Andrew D.
White
,
Ann K.
Nowinski
,
Wenjun
Huang
,
Andrew J.
Keefe
,
Fang
Sun
and
Shaoyi
Jiang
*
University of Washington, Box 351750, Seattle, USA. E-mail: sjiang@u.washington.edu; Fax: +1 206 543 3778; Tel: +1 206 616 6509
First published on 10th September 2012
The interactions which govern chemical processes may be broadly categorized into specific interactions, high activity for a certain target molecule, and nonspecific interactions, low activity for all targets. Despite their ubiquity in biology and chemistry, nonspecific interactions are generally overlooked and a fundamental understanding of nonspecific interactions is lacking. Molecular chaperones are large protein complexes which have evolved to resist nonspecific interactions. Their interior surface resists binding to thousands of types of misfolded proteins. Proteins found in the cytoplasm, a crowded environment with many spurious binding targets, are another example. These proteins have evolved high selectivity and stability despite nonspecific interactions. Using structural bioinformatics, we have studied the interiors of molecular chaperones from five species and examined the surface chemistry of 1162 proteins, categorized by if they are present in the cytoplasm or extracellular space. A better understanding of how nature resists nonspecific interactions is key for the chemistry of materials, surfaces, and particles which must remain stable in complex environments. The abundance of amino acids, their interactions, their hydration, and sequence patterns were compared in these two systems, molecular chaperones and proteins surfaces. Striking similarities were found and trends were identified as the system environments became harsher. Peptide based mimics were synthesized to test the conclusions. This, in turn, has led to the design of new stealth compounds and a deeper understanding of nonspecific interactions.

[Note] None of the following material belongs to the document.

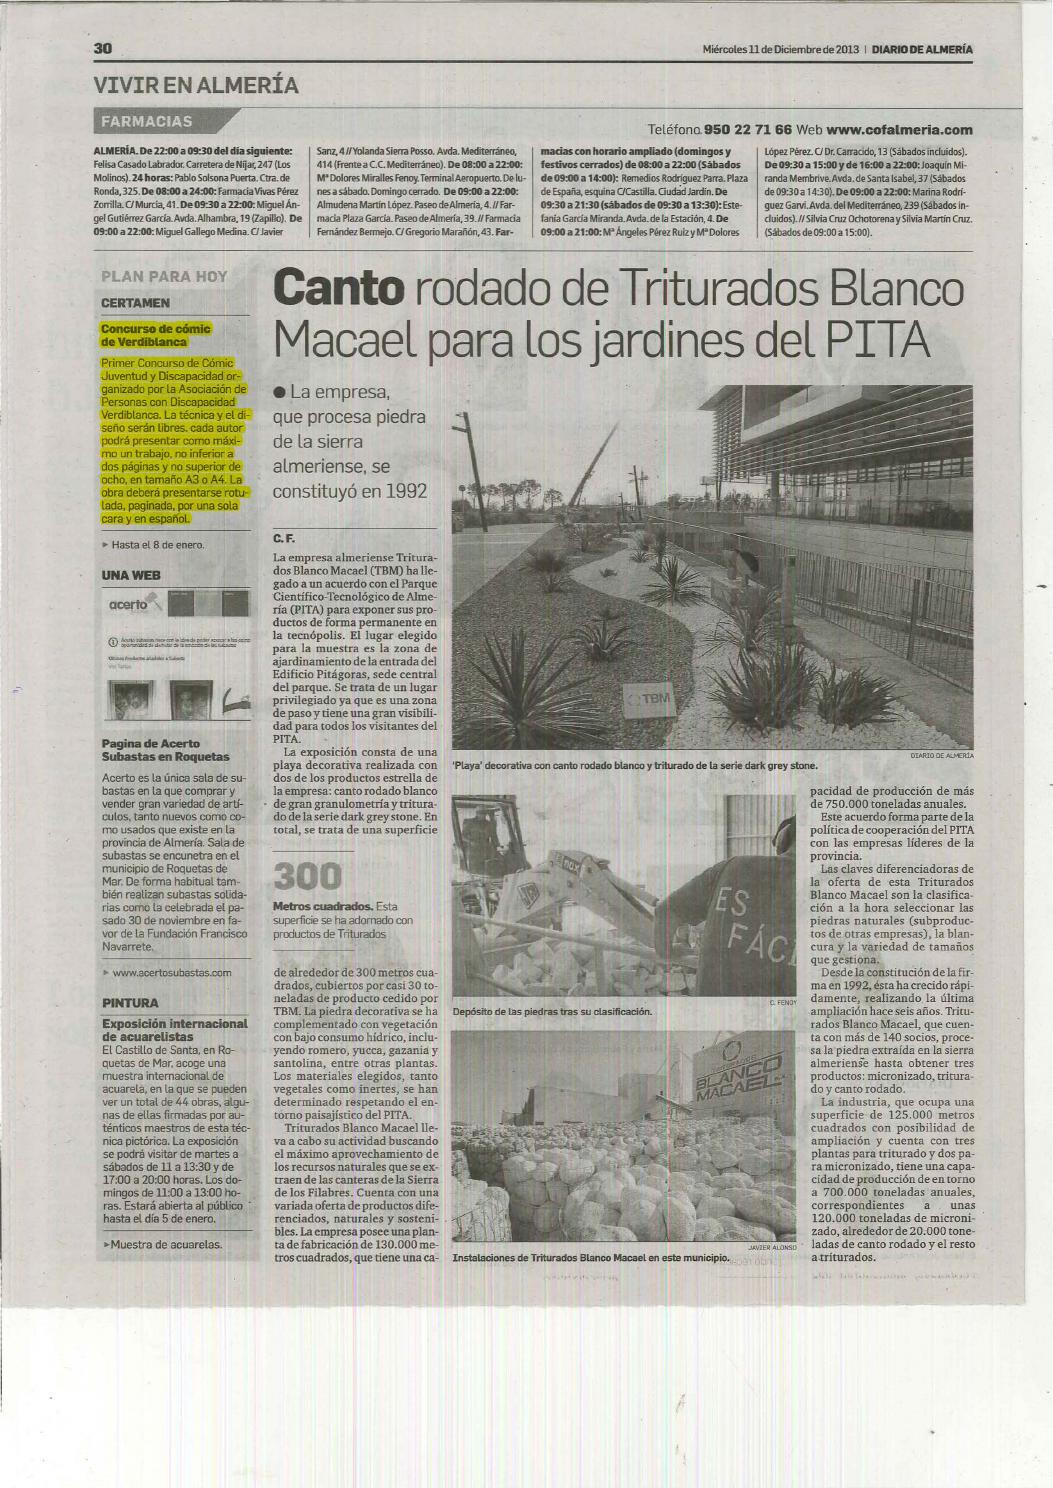 Dossier De Prensa Discapacidad Del 11 Al 13 De Diciembre De 2013  # Hazan Muebles Gavilan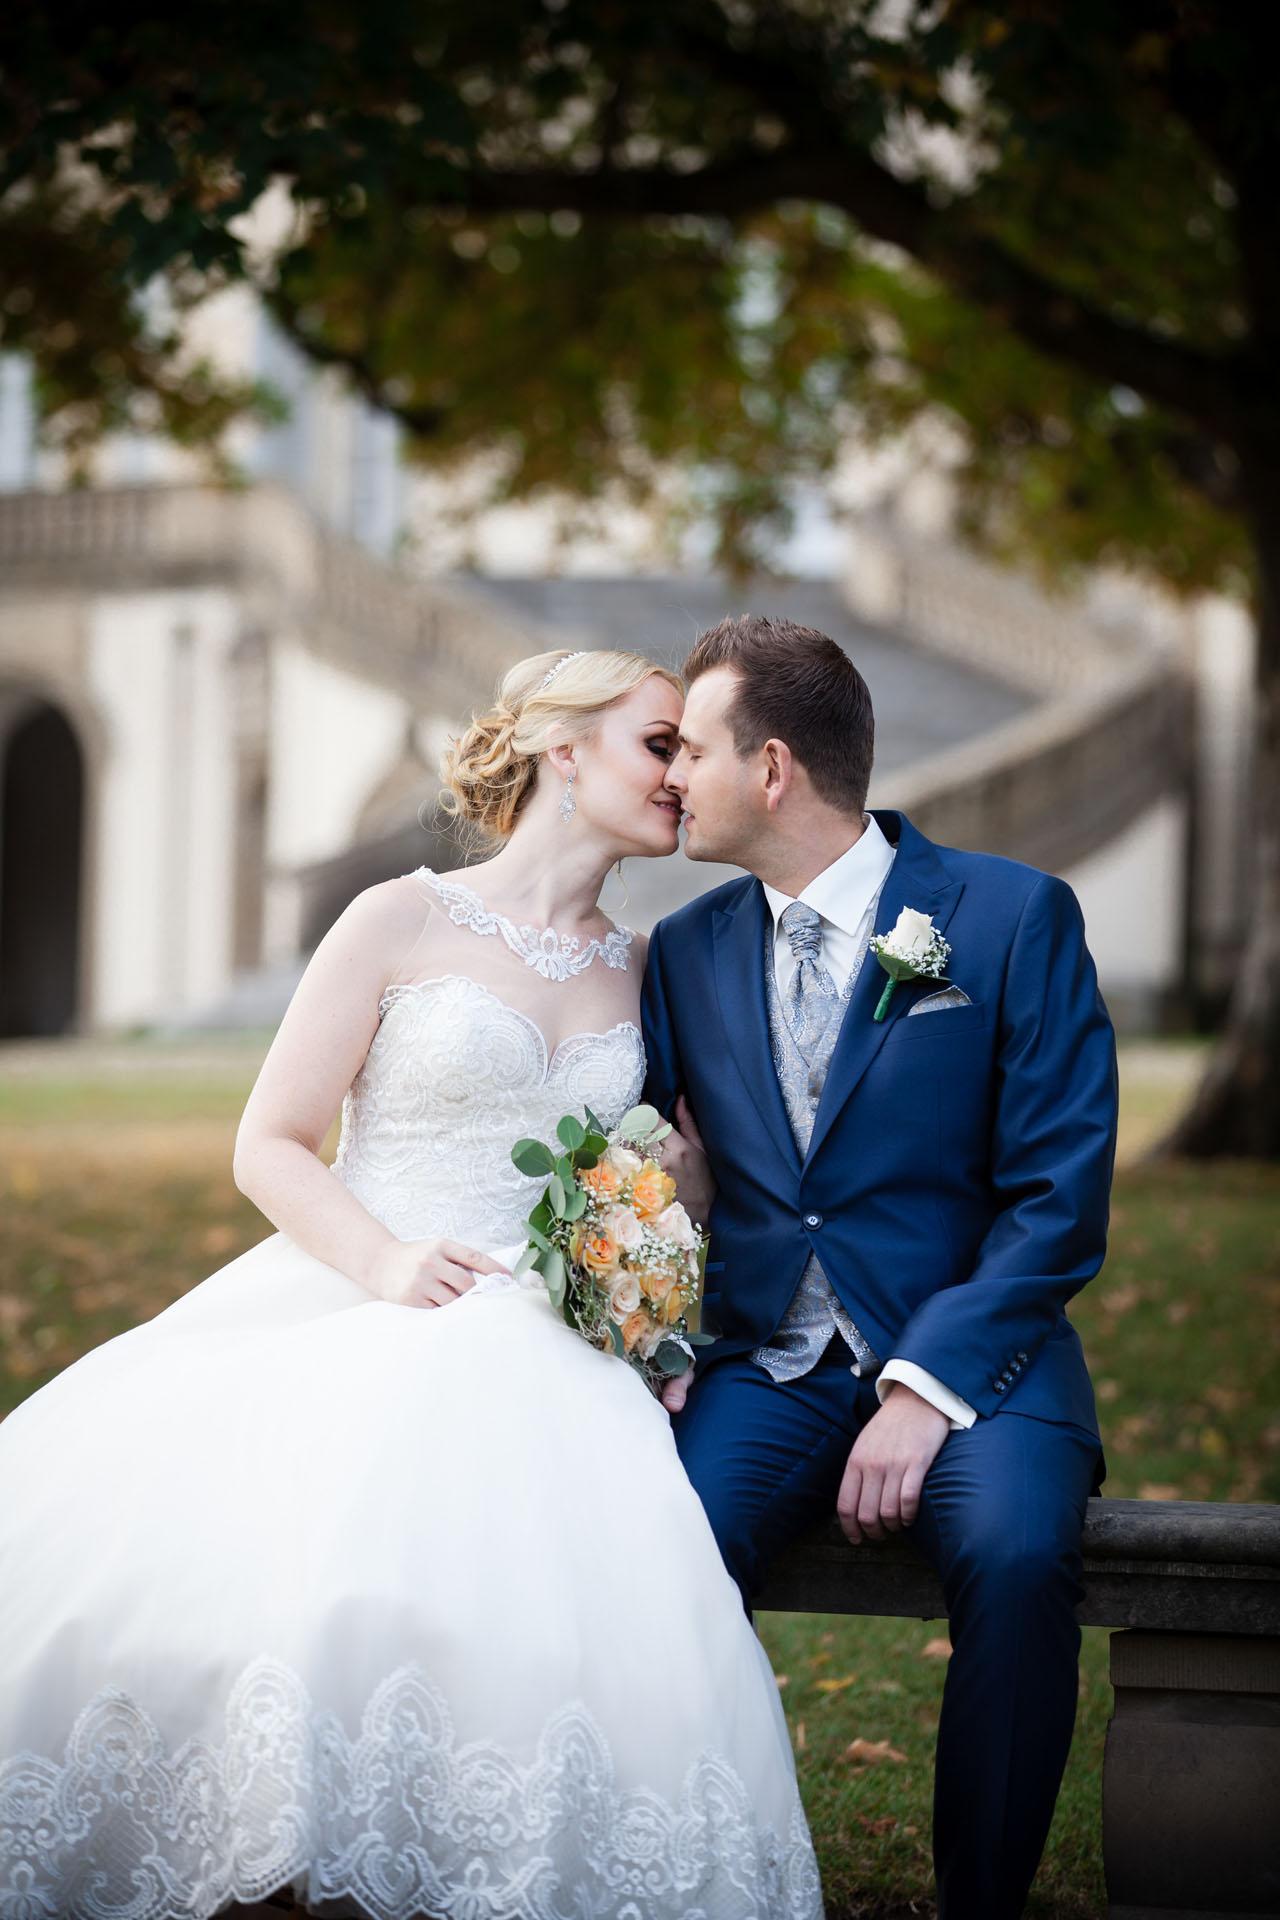 Braut und Bräutigam küssen sich vor dem Schloss Solitude in Stuttgart

In this work, we turn to nature and use proteins and molecular chaperones as a guide towards understanding nonspecific interactions. Proteins resist nonspecific adsorption in order to be stable in complex environments such as the cytoplasm of a cell, which contains thousands of protein types.8 The cytoplasm is a crowded environment and provides many spurious binding targets for proteins; yet proteins have evolved high selectivity and stability through resisting nonspecific interactions. The non-interacting property of proteins is often put into practice in biomaterials and biosensors research where the protein albumin is used as a blocking agent to block nonspecific adsorption of non-target proteins onto surfaces.9 Another example of nature resisting nonspecific interactions is found in molecular chaperones, which guide proteins from a misfolded or unfolded conformation back into a native conformation.10 The defective (substrate) proteins fold while enclosed inside a cavity of the molecular chaperone. The chemistry of this cavity is unique among biological surfaces in that it contacts not only thousands of proteins, but many conformations of each protein.11 Yet chaperone proteins do not irreversibly bind with proteins. The cavity is sometimes described as a “non-stick” surface.12 Thus molecular chaperones provide a second system which has this non-interacting property.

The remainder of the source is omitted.